Tikhonov regularization \[
\underset{\beta\in \mathbb{R^n}}{\mathrm{minimize}}\quad ||y - X\beta||_2^2 + \lambda||\beta||_l
\] - Tikhonov regularization with \(l=1\) is lasso - Tikhonov regularization with \(l=2\) is ridge regression - lasso + ridge = elastic net
\(\ell_1\) Regularization (LASSO)
The Least Absolute Shrinkage and Selection Operator (LASSO) uses \(\ell_1\) norm penalty and in case of linear regression leads to the following optimization problem \[
\underset{\beta}{\mathrm{minimize}}\quad ||y- X\beta||_2^2 + \lambda||\beta||_1
\]
In one dimensional case solves the following optimization problem \[
\underset{\beta}{\mathrm{minimize}}\quad \frac{1}{2} (y-\beta)^2 + \lambda | \beta |
\] The solution is given by the soft-thresholding operator defined by \[
\hat{\beta} = \mathrm{soft} (y; \lambda) = ( y - \lambda ~\mathrm{sgn}(y) )_+.
\] Here sgn is the sign function and \(( x )_+ = \max (x,0)\). To demonstrate how this solution is derived, we can define a slack variable \(z = | \beta |\) and solve the joint constrained optimisation problem which is differentiable.
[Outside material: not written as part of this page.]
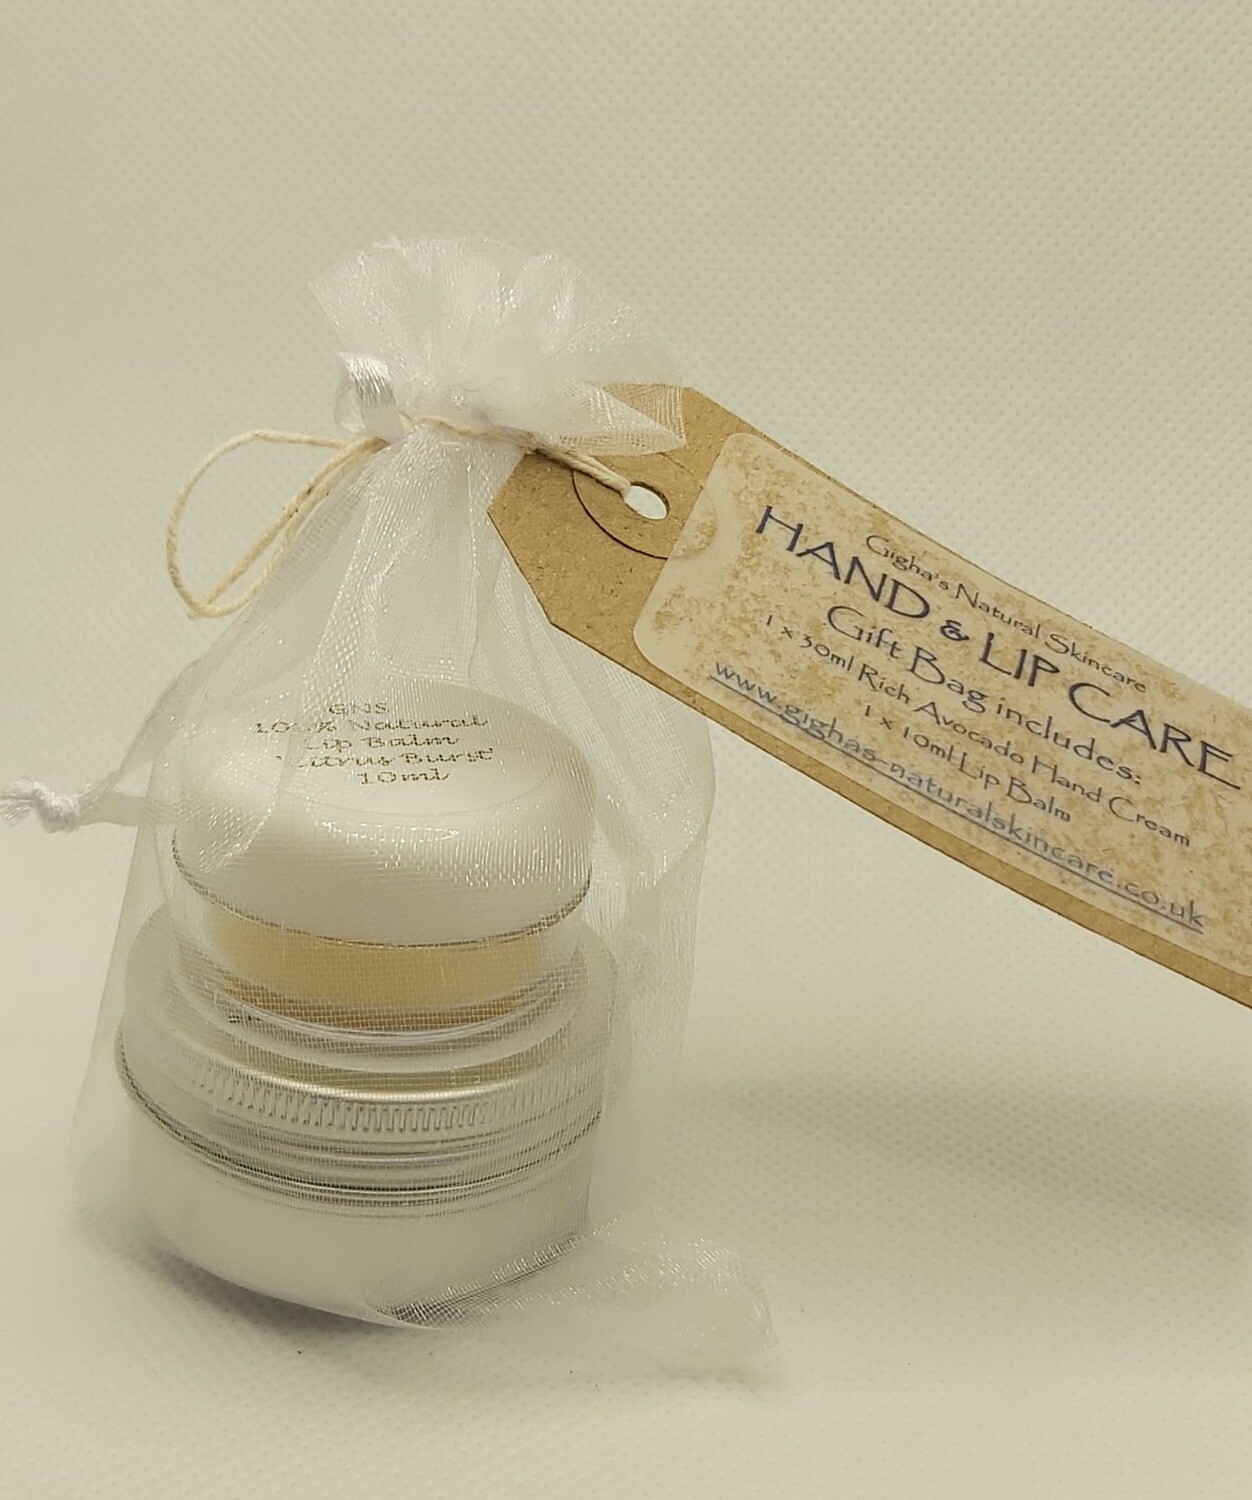 Hand and Lip Care gift bag

Graphically, the soft-thresholding operator is
LASSO has a nice feature that it forces some of the \(\hat{\beta}\)’s to zero. It is an automatic variable selection! Finding optimal solution is computationally fast, it is a convex optimisation problem, though, it is non-smooth. As in ridge regression, we still have to pick \(\lambda\) via cross-validation. Visually the process can be represented using regularization path graph, as in the following example Example: We model prostate cancer using LASSO
MSE and Regularization path for Prostate Cancer data using LASSO
Now with ridge regression
MSE and Regularization path for Prostate Cancer data using Ridge
Example 17.5 (Horse race prediction using logistic regression) We use the run.csv
data from Kaggle (https://www.kaggle.com/gdaley/hkracing). Thhis dataset contains the condition of horse races in Hong Kong, including race course, distance, track condition and dividends paid. We want to use individual variables to predict the chance of winning of a horse. For the simplicity of computation, we only consider horses with id \(\leq 500\), and train the model with \(\ell_1\)-regularized logistic regression.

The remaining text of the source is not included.